All fairyflies possess ellipsoid eggs with a long tapering stalk. They develop rapidly once laid and can hatch in six hours to two days.[11] Several generations may be produced in a year, often on different hosts.[14]

Fairyflies have two to four larval stages, all apparently without functional spiracles or tracheae.[15] [33] Metamorphosis occurs completely within the host egg.[14] They are peculiar for insects which exhibit complete metamorphosis (holometabolism) in that they produce two distinct kinds of larval instars before pupation. In some fairyflies, such as Anaphes, the first instar is a highly mobile "mymmariform" larva. The second instar, however, is a completely immobile, sac-like larva without discernible segments, spines, or setae. In other fairyflies, such as Anagrus, this is reversed. The first instar is immobile, while the second instar is a very distinctive, highly active "hystriobdellid" larva.[14] [31] At least one instar of the larvae is capable of overwintering when laid in colder seasons.[15] [12]

Economic importance

Fairyflies have been used for the biological pest control of various crop pests.[34] They are especially valued for their ability to locate the eggs of their hosts. Of the fairyflies, the cosmopolitan genus Anagrus is the most promising, as it can parasitize a wide range of hosts. At least ten instances of successful introductions of fairyflies to control pests are known.[11] In Hawaii, Anagrus optabilis has been successfully used to control the sugarcane planthopper (Perkinsiella saccharicida).[31] Anagrus epos has also previously been used effectively against the grape leafhopper (Erythroneura elegans) and the variegated grape leafhopper (Erythroneura variabilis).[35] At first, it met limited success, as the wasps died in winter for lack of hosts. The planting of wild blackberries (Rubus spp.) near vineyards in California brought along with it the blackberry leafhopper (Dikrella cruentata). Though not pests, D. cruentata proved to be sufficient hosts for A. epos in winter, allowing them to survive into the next year.[11] [36] They have also been shown to be capable of overwintering in prune leafhoppers (Edwardsiana prunicola).[37]
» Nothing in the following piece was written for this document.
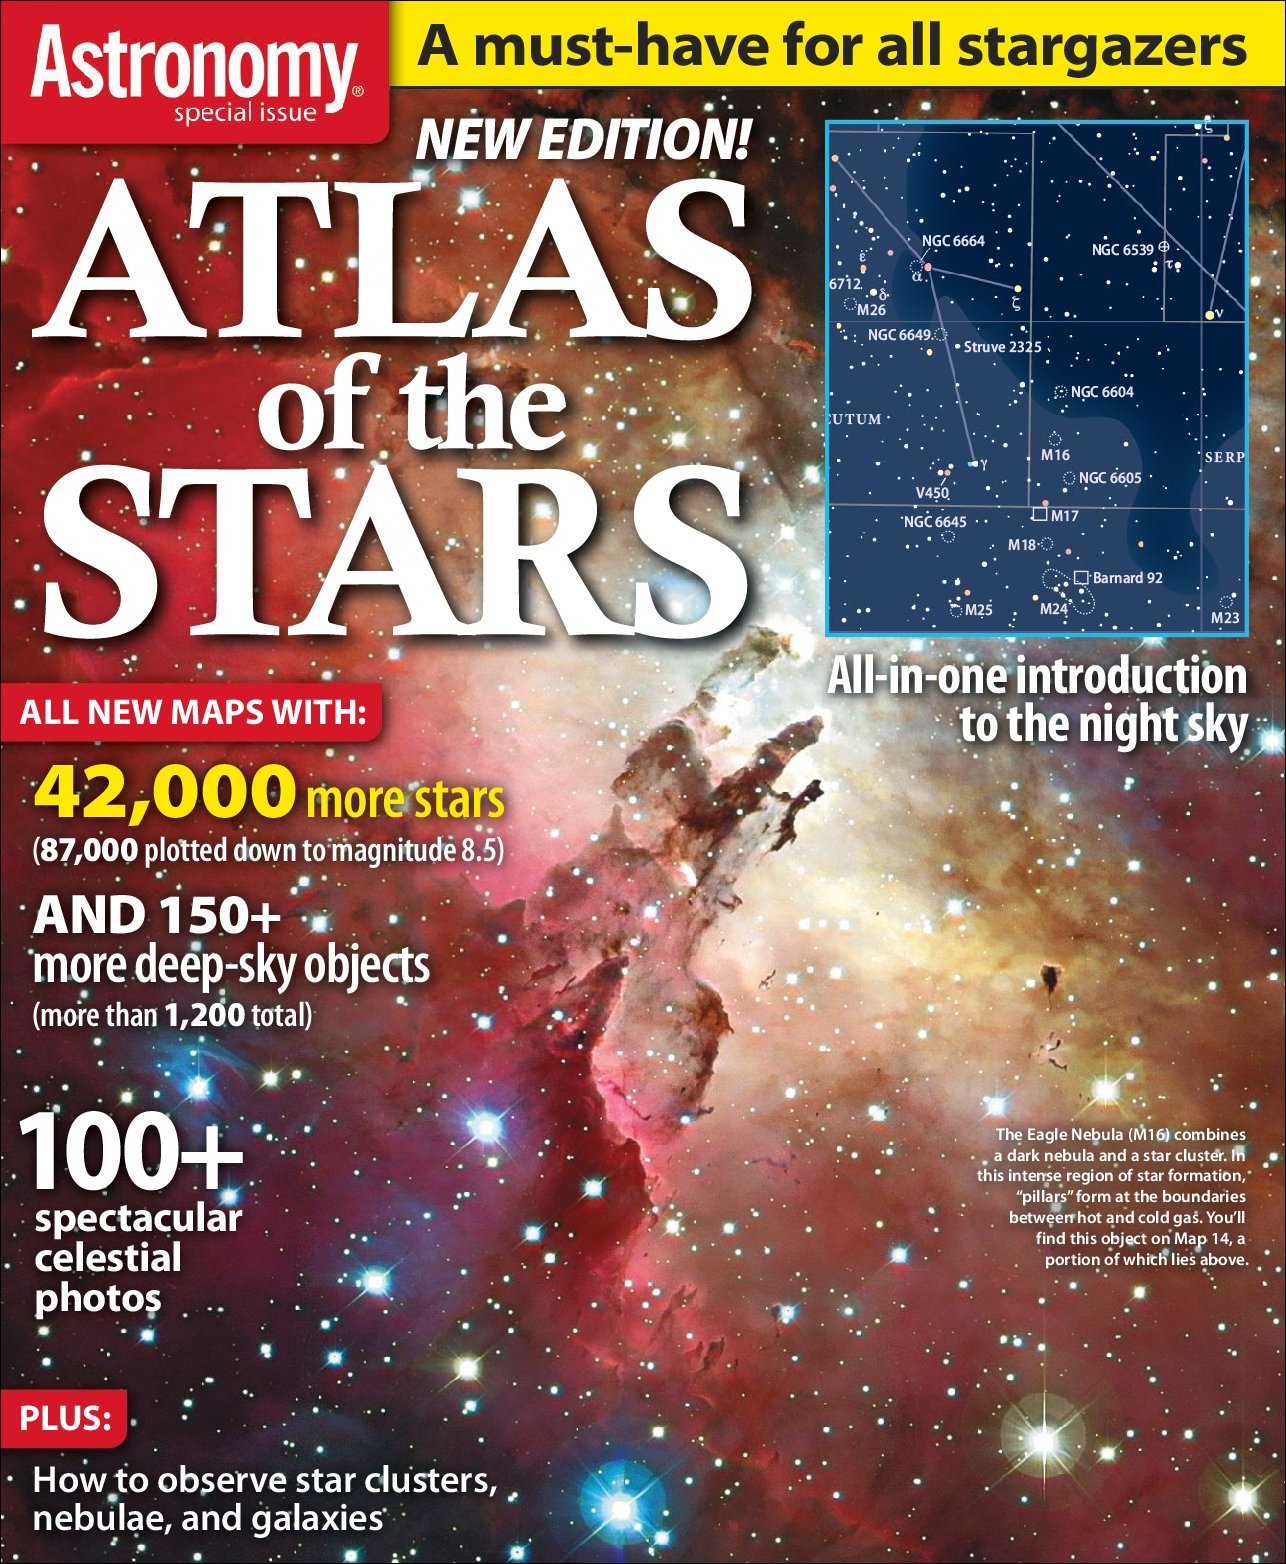 download the last version for ios Star Atlas

Gonatocerus triguttatus, Gonatocerus tuberculifemur, and Anagrus epos (which is probably a species complex) were also studied for possible use in controlling glassy-winged sharpshooters (Homalodisca vitripennis) in California.[38] [39] [40] Gonatocerus triguttatus and Gonatocerus ashmeadi were eventually introduced in California in 2000. It proved to be very successful, causing about a 90% decline in populations of glassy-winged sharpshooters.[41]

In 2005, Gonatocerus ashmeadi was used against invasive glassy-winged sharpshooters in Tahiti and Moorea of the French Polynesia. Again, it was very effective, bringing down the pest density by about 95% in just a year after introduction.[42] It was subsequently also released in the Society Islands, the Marquesas, and the Austral Islands, where similar results were obtained against glassy-winged sharpshooters.[43]

In South Africa, Anaphes nitens was introduced very successfully to control an undescribed species of eucalyptus snout beetle (Gonipterus sp.).[11] In Australia and Israel, members of the genus Stethynium, were being investigated in 2006 as possible biological control agents for gall-forming crop pests such as Ophelimus maskelli.[44]

Fossil record

Fairyflies are well represented in fossil amber inclusions, copal, and compression fossils. Their fossils have been found from the Early Cretaceous up to the Miocene epoch. It is, in fact, the only family of chalcidoids definitely known to date back to the Cretaceous period.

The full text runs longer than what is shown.